Two officers at Stanley were hospitalized following an April 16 assault by an inmate. The seriousness of the attack and injuries sustained were downplayed by department administrators. Later that same week, in an additional assault, another officer was seriously injured fending off an inmate attack. This follows an assault at Racine Correctional Facility earlier in the month, and a flurry of injuries over the preceding months at other facilities.
"Correctional officers have long understood that they work in dangerous conditions.
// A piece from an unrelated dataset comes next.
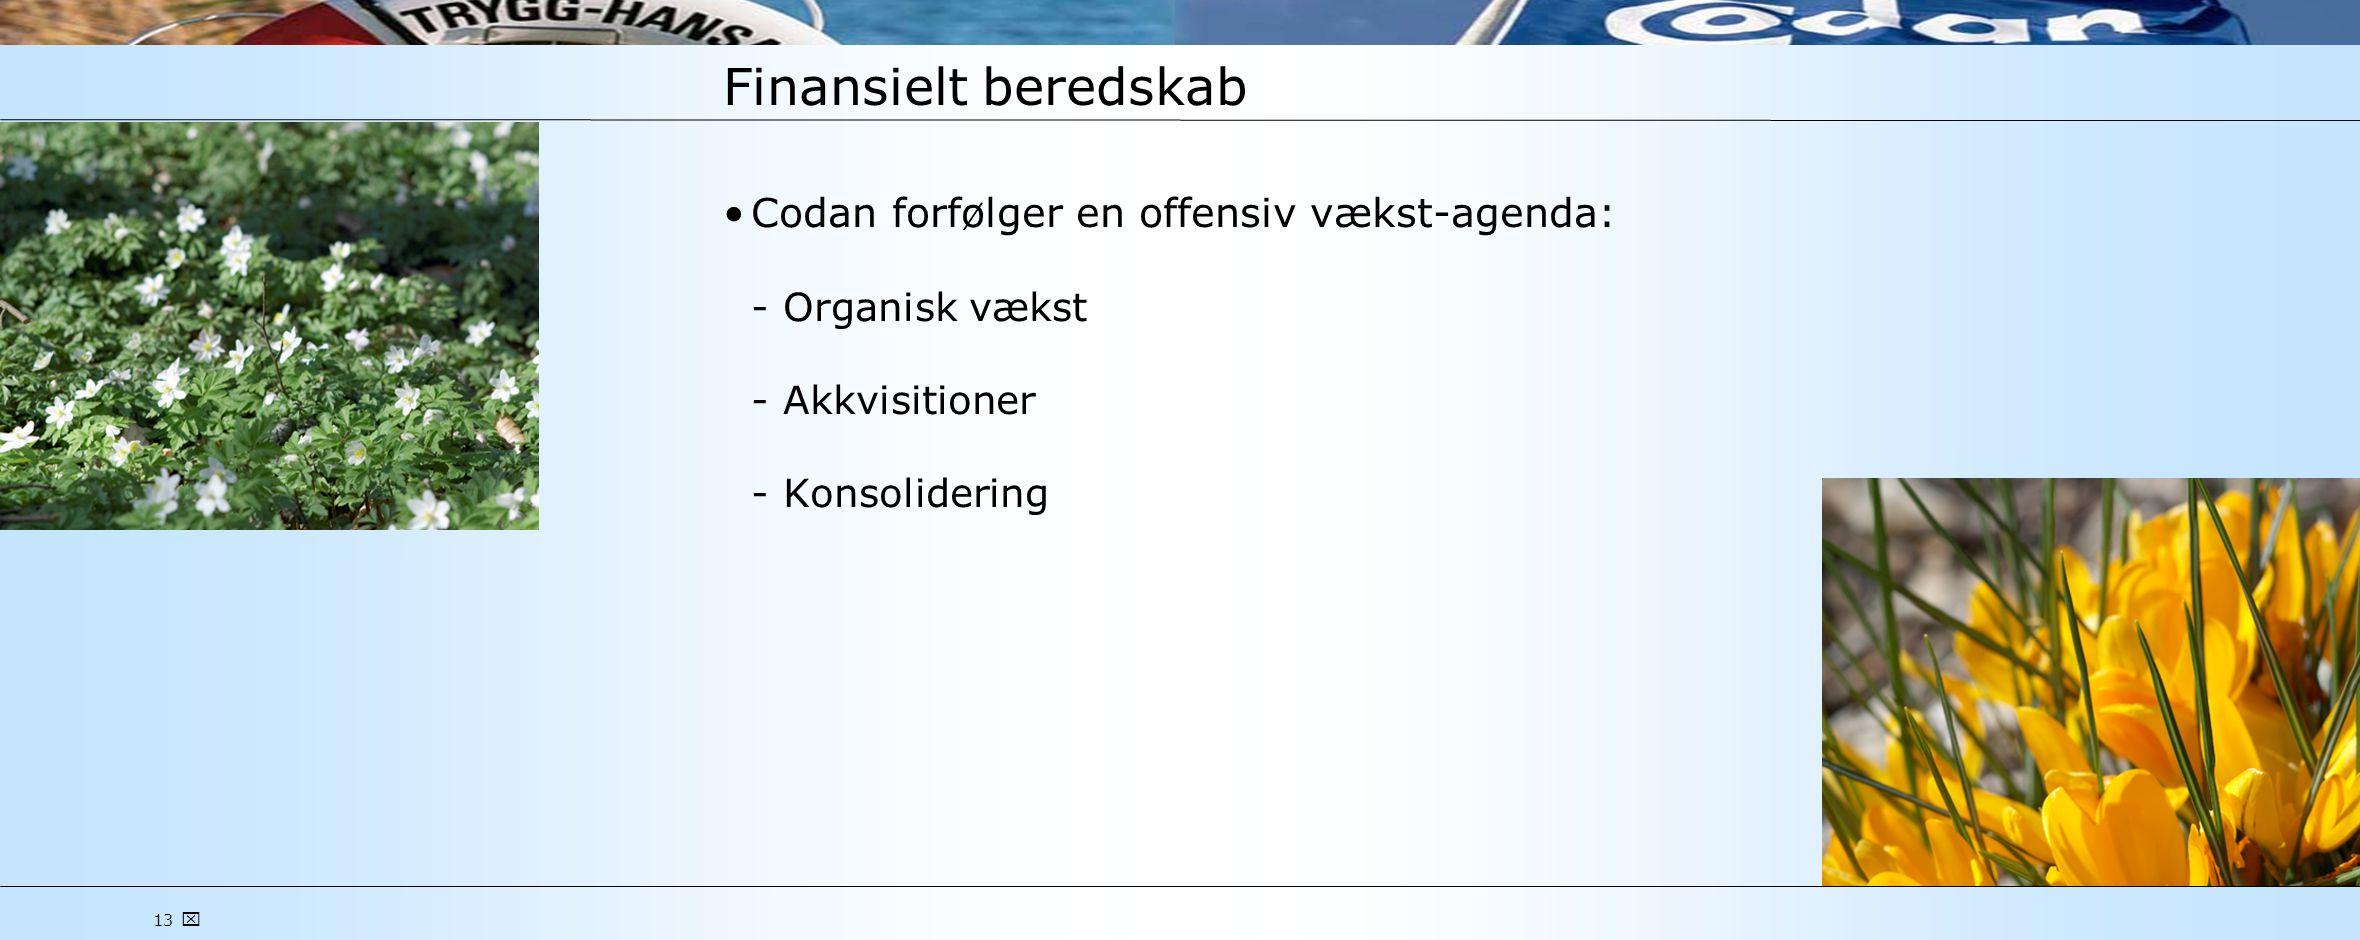 13  Finansielt beredskab •Codan forfølger en offensiv vækst-agenda: Organisk vækst Akkvisitioner Konsolidering

But what has changed is that they no longer have a way to speak out about their concerns without fear of reprisal from above," said Troy Bauch, an AFSCME Council 24 staff representative and former correctional officer.
When Gov. Scott Walker tore up contract language that established work rules over decades of give-and-take negotiations, one of the casualties was morale, and another was monthly labor-management meetings at each facility. In these meetings, workers could speak openly and share concerns while also understanding the perspective of their managers.
The administration is promising to begin holding "employee collaboration meetings" after eight months of silence, but those meetings will only involve employees who are hand picked by management. Employees who participate will do so with no guarantee that any criticisms they may raise will not be held against them. "These meetings will be little more than window dressing. You can't expect employees to speak openly about problems when anything they say can, and probably will, be used against them," Bauch said.
"Morale is at an all time low. Vacancies are at a record high. Mistakes are happening that can and should be corrected. But all we hear from management is 'your concerns are noted'. That's not communication. That's a blow off," Bauch said.
"The people who work in correctional facilities are professionals. They deserve to be treated with respect by their employer," Bauch said.